Terdapat dua definisi utama dalam Matsnawi, yaitu ‘ilm atau ilmu. Definisi yang pertama, ‘ilm dikaitkan dengan keberadaan materi yang dapat dilihat yang bisa diterobos melalui fasilitas pendidikan. Sedangkan definisi yang kedua, ‘ilm tidak duniawi, tidak melalui ajaran di sekolah serta tidak bisa didapat melalui buku, riset penelitian, atau fasilitas pendidikan dan akademis.
Lebih jelasnya, ‘ilm yang luar biasa ini justru memberi kesaksian terhadap pemahaman kepada kebenaran yang berada di luar pemahaman manusia pada umumnya, atau kesadaran akan realitas yang tersembunyi. Serta merupakan satu-satunya dimensi eksistensi yang absolut.

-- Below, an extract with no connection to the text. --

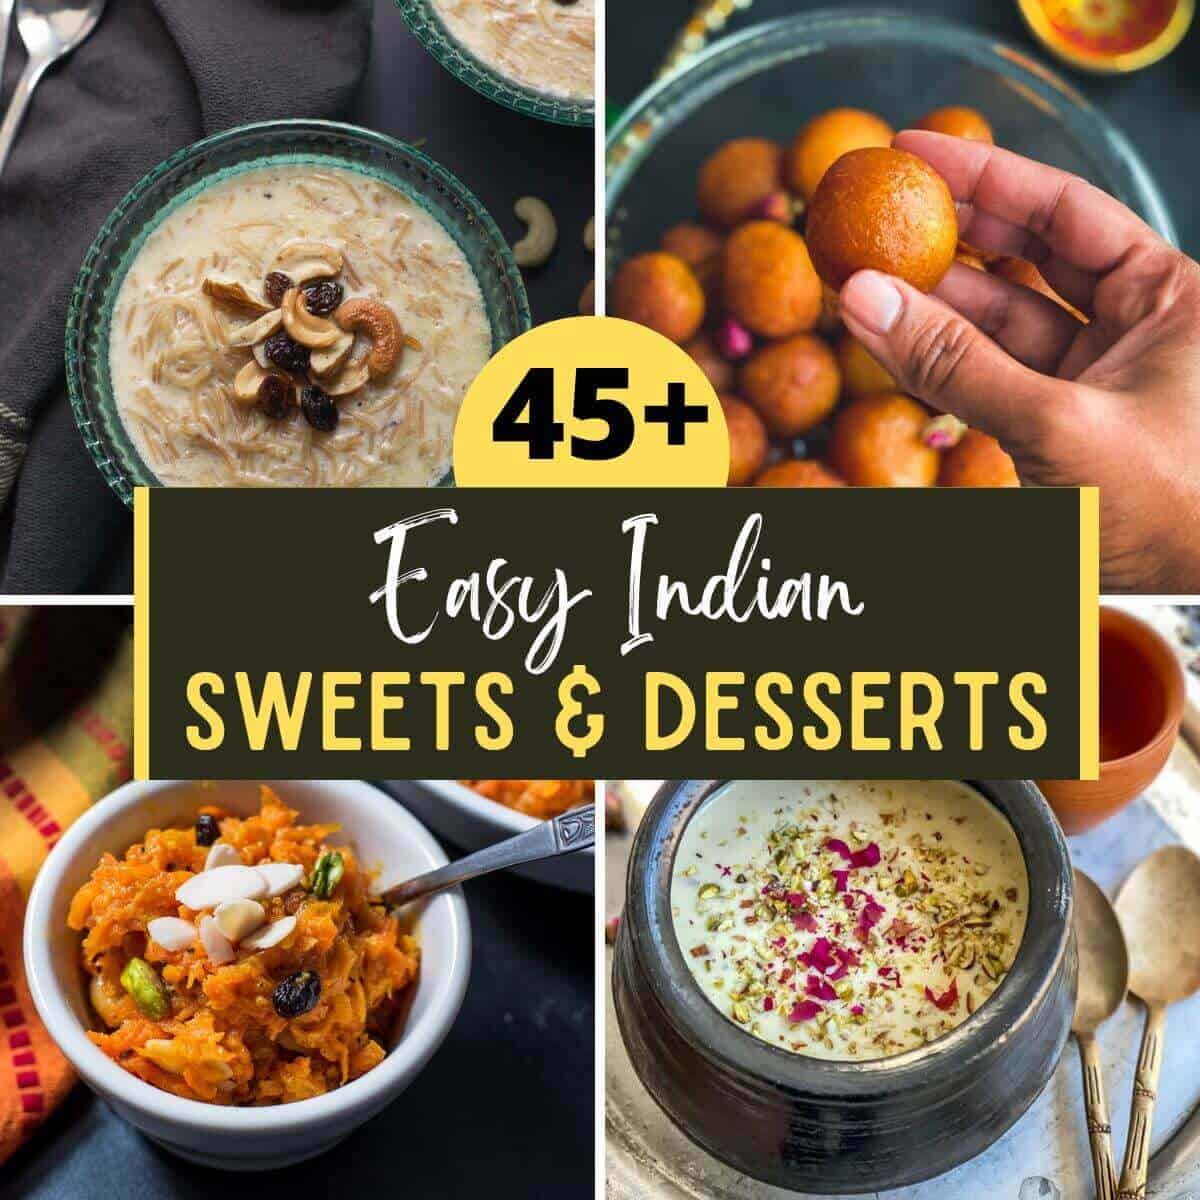 45+ Easy Indian Sweets and Desserts that are a must-try

Dalam Matsnawi termuat beragam kisah serta anekdot yang melaluinya Rumi merujuk pada perbedaan antara dua konsep ‘ilm. Mungkin yang paling masyhur adalah kisah tentang seorang ahli tata bahasa, seorang Nahwi, yang berlayar di atas kapal kemudian bertanya kepada awak kapal, “Pernahkah engkau belajar Nahw (tata bahasa)?” Sang awak kapal menjawab bahwa ia tidak pernah belajar tata bahasa, lalu sang Nahwi berkata kepadanya “Oh! Betapa kasihan engkau, separuh hidupmu telah sia-sia”. Sang awak kapal terdiam dan tidak menanggapi perkataan Nahwi.

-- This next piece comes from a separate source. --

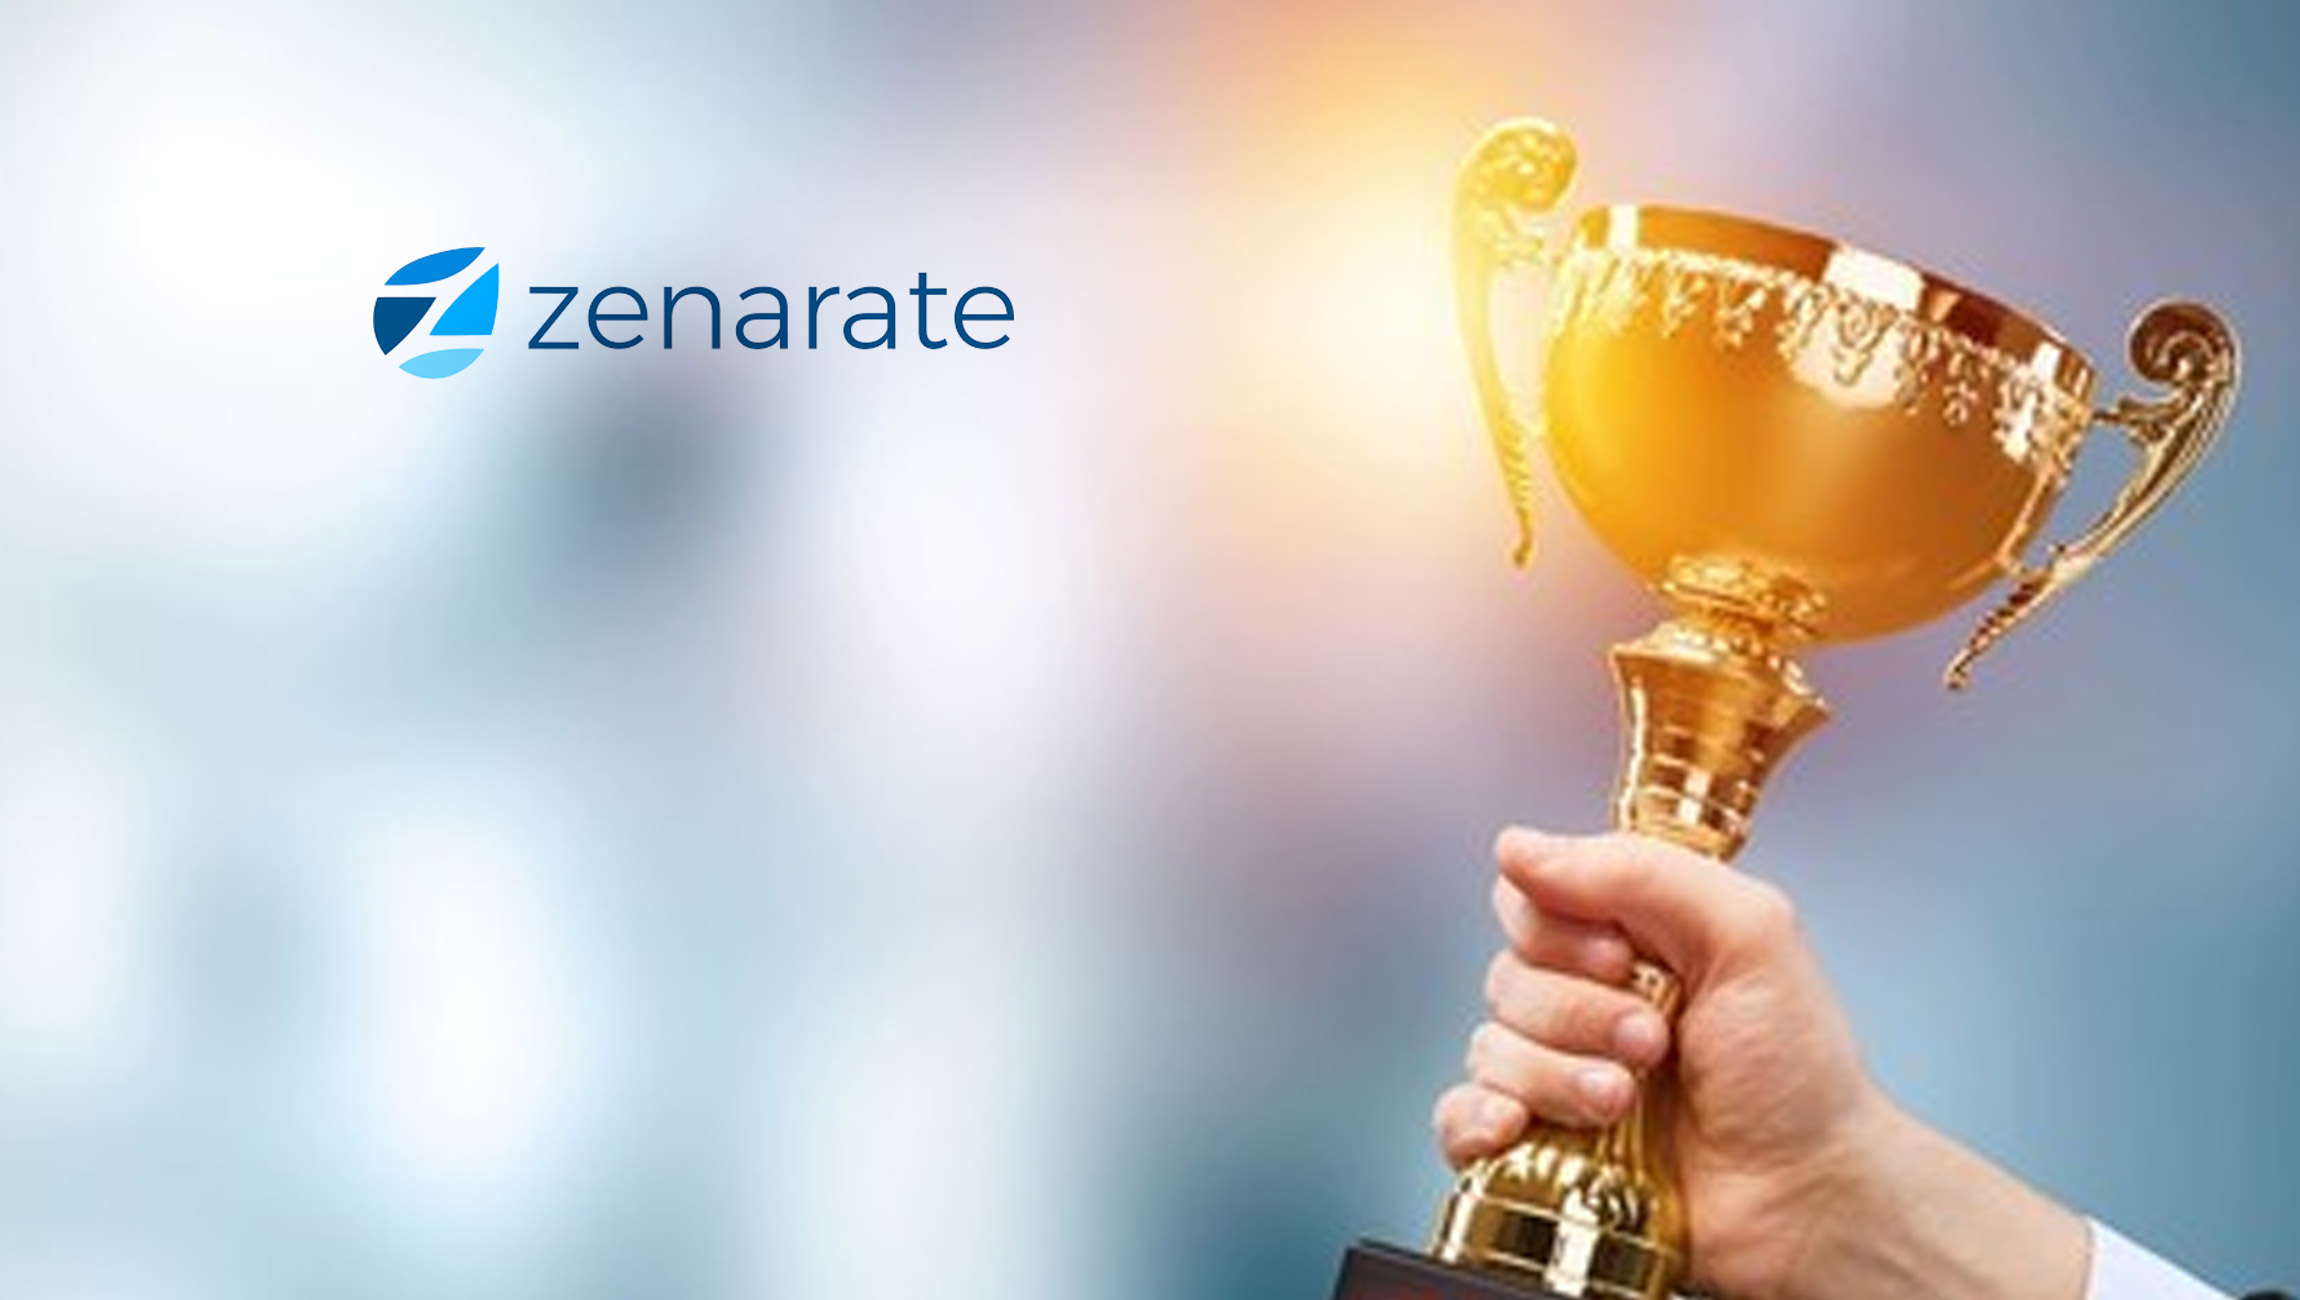 Zenarate Wins the Financial Technology 2022 Tech Trailblazers Award for Simulation Training in Contact Centers

Sesaat setelahnya, sebuah badai menerpa kapal, lantas sang awak kapal berteriak “Apakah engkau bisa berenang?” Ahli tata bahasa yang congkak tadi menjawab bahwa ia tak akan pernah mau belajar berenang, sang awak kapal lantas berkata “Oh Nahwi! Seluruh hidupmu telah sia-sia, karena kapal sedang karam dan mulai tenggelam”. Di akhir anekdot ini, Rumi berkata “Di sini yang dibutuhkan adalah pelenyapan diri (Mahw), bukan tata bahasa (Nahw). Jika engkau lenyap dari diri, maka tenggelamlah ke laut itu, dan jangan takut akan ancaman atau bahaya”.
Menjadi mengerti pada aspek studi skolastik tidak membuka pintu ke dimensi metafisik, apa yang dibutuhkan untuk mencapai tingkat itu bukanlah fiqh atau sharf atau nahw. Kita membutuhkan “hukum segala hukum” (fiqh-i-fiqhi), “bentuk-kata dari segala bentuk-kata” (sharf-i-sharf), dan “tata-bahasa segala tatabahasa” (nahw-nahw). Pernyataan ini dimaknai Rumi sebagai pengetahuan yang diterima melalui relasi spiritual dengan dunia Ilahi.